*YOUR INSTRUCTIONS*
All of the data below should come back exactly as written, minus its images.

(RAW DATA)

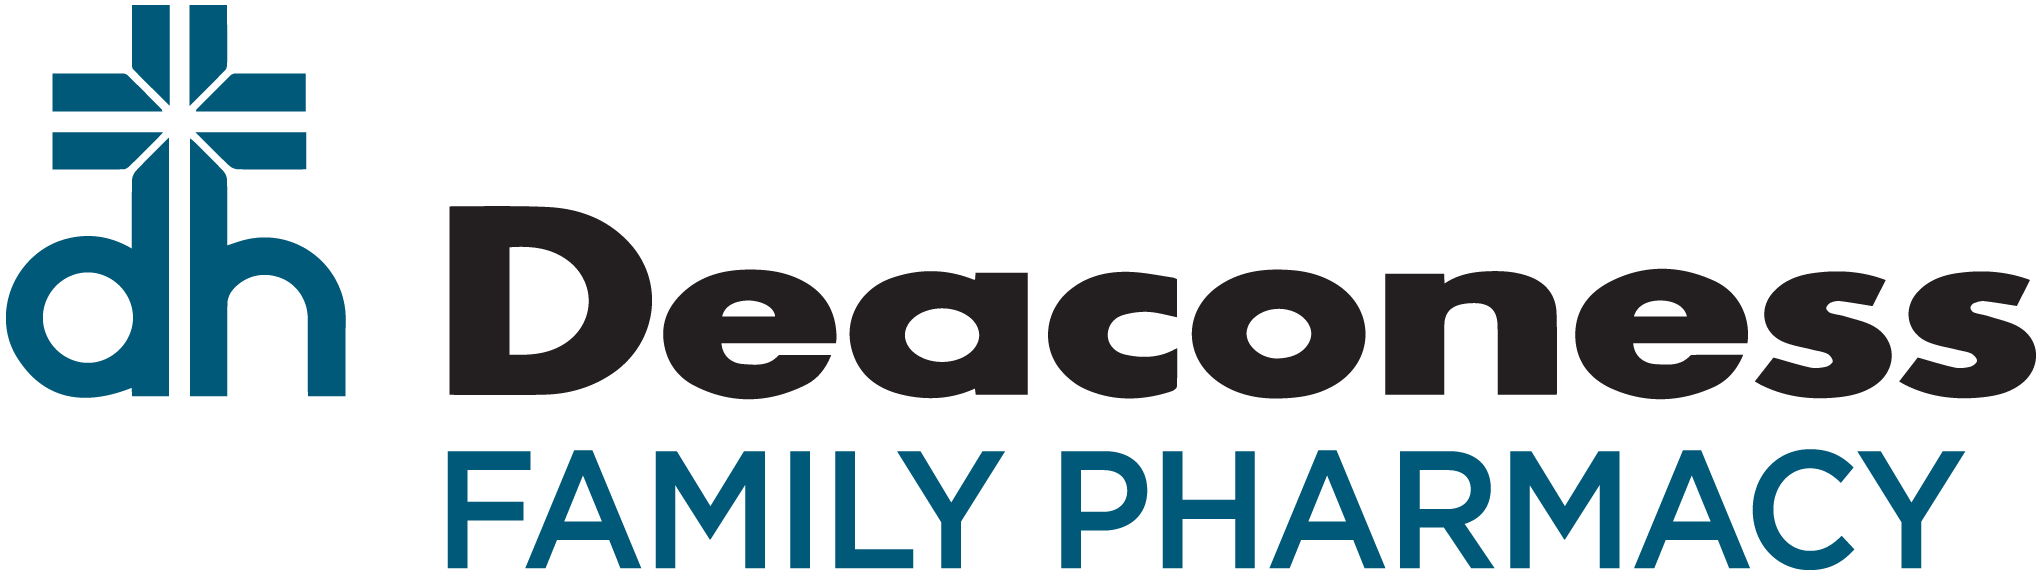 Deaconess Family Pharmacy
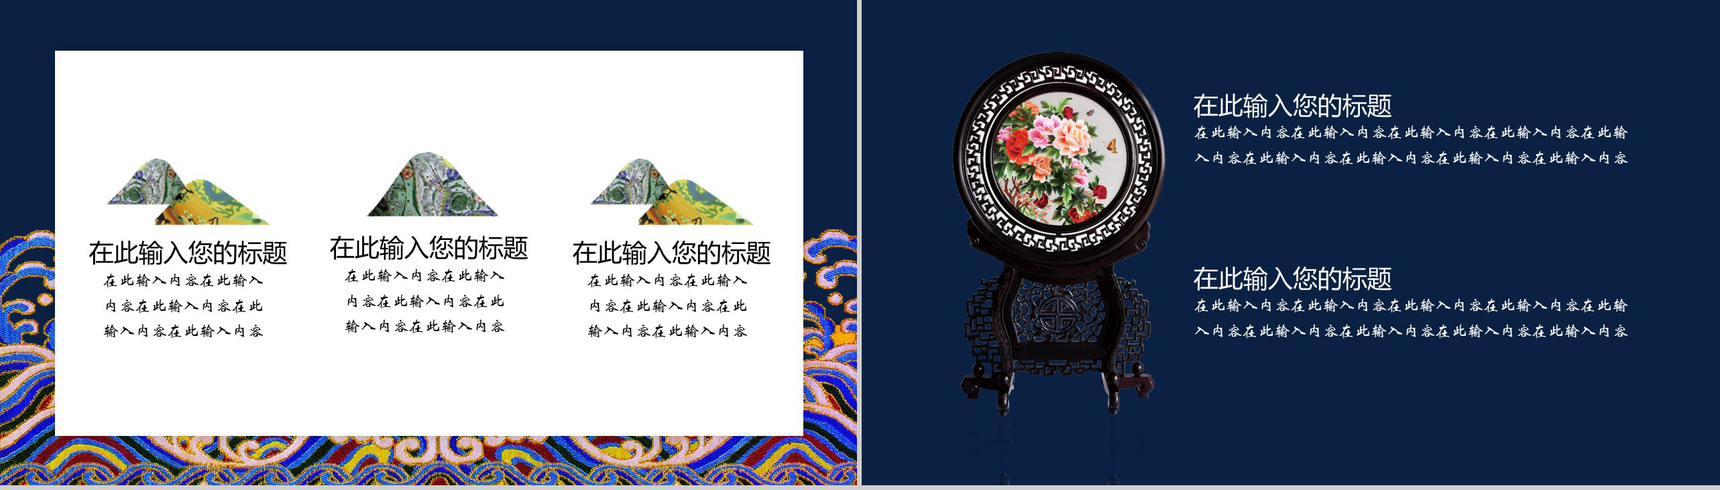 中国之美刺绣传统手艺PPT模板-4
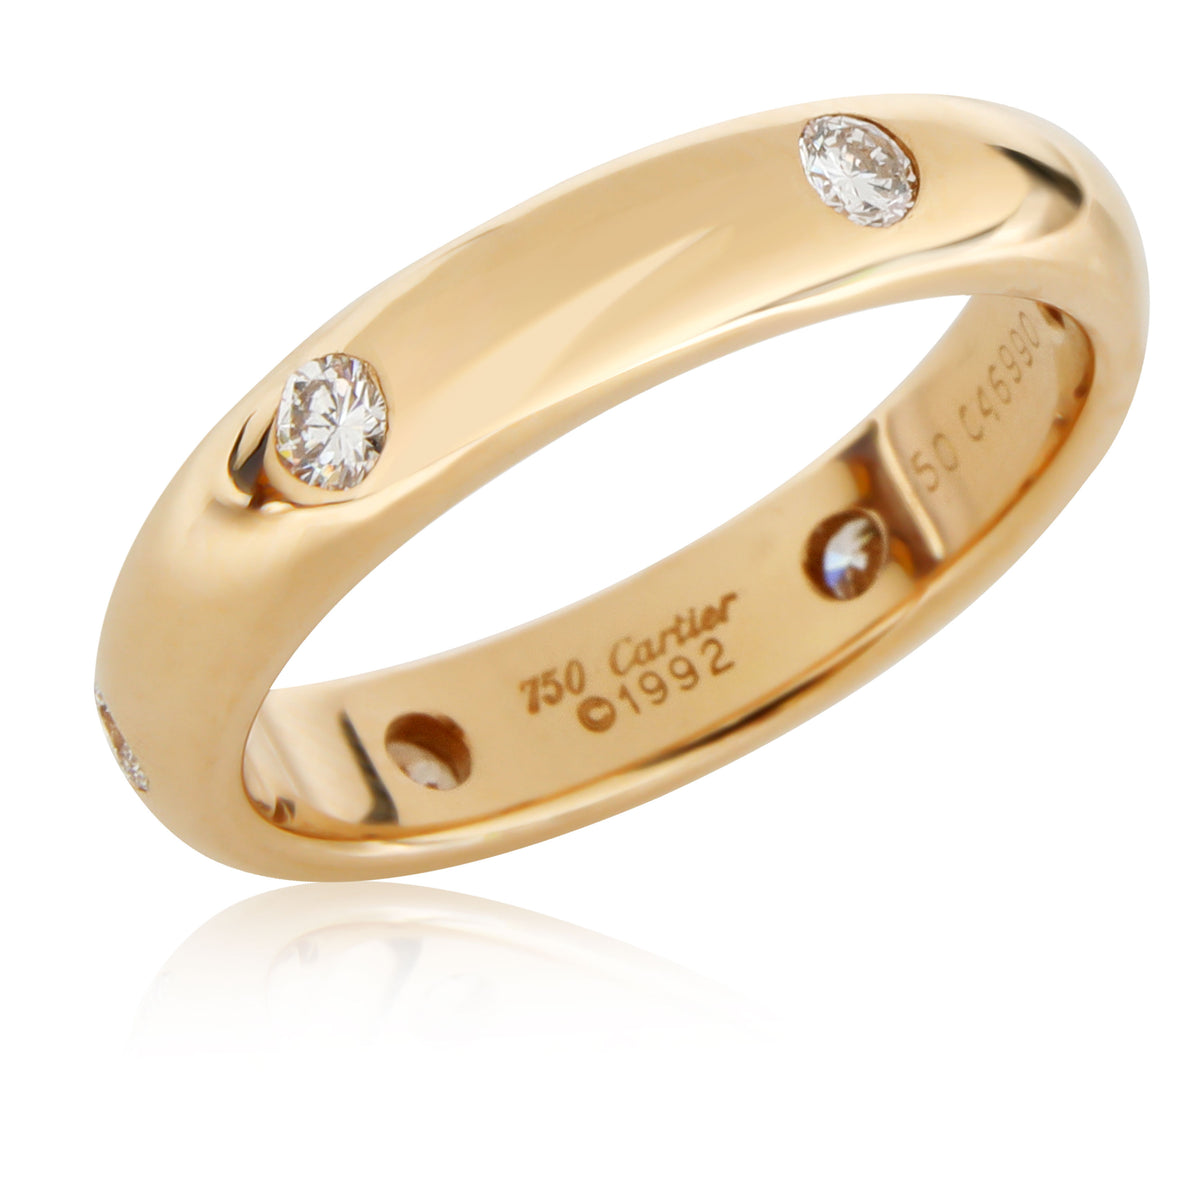 Louis Vuitton Large Empreinte Ring in 18k White Gold, myGemma, QA

(End RAW DATA)

*ANSWER BOX*
 Deaconess Family Pharmacy
 中国之美刺绣传统手艺PPT模板-4
 Louis Vuitton Large Empreinte Ring in 18k White Gold, myGemma, QA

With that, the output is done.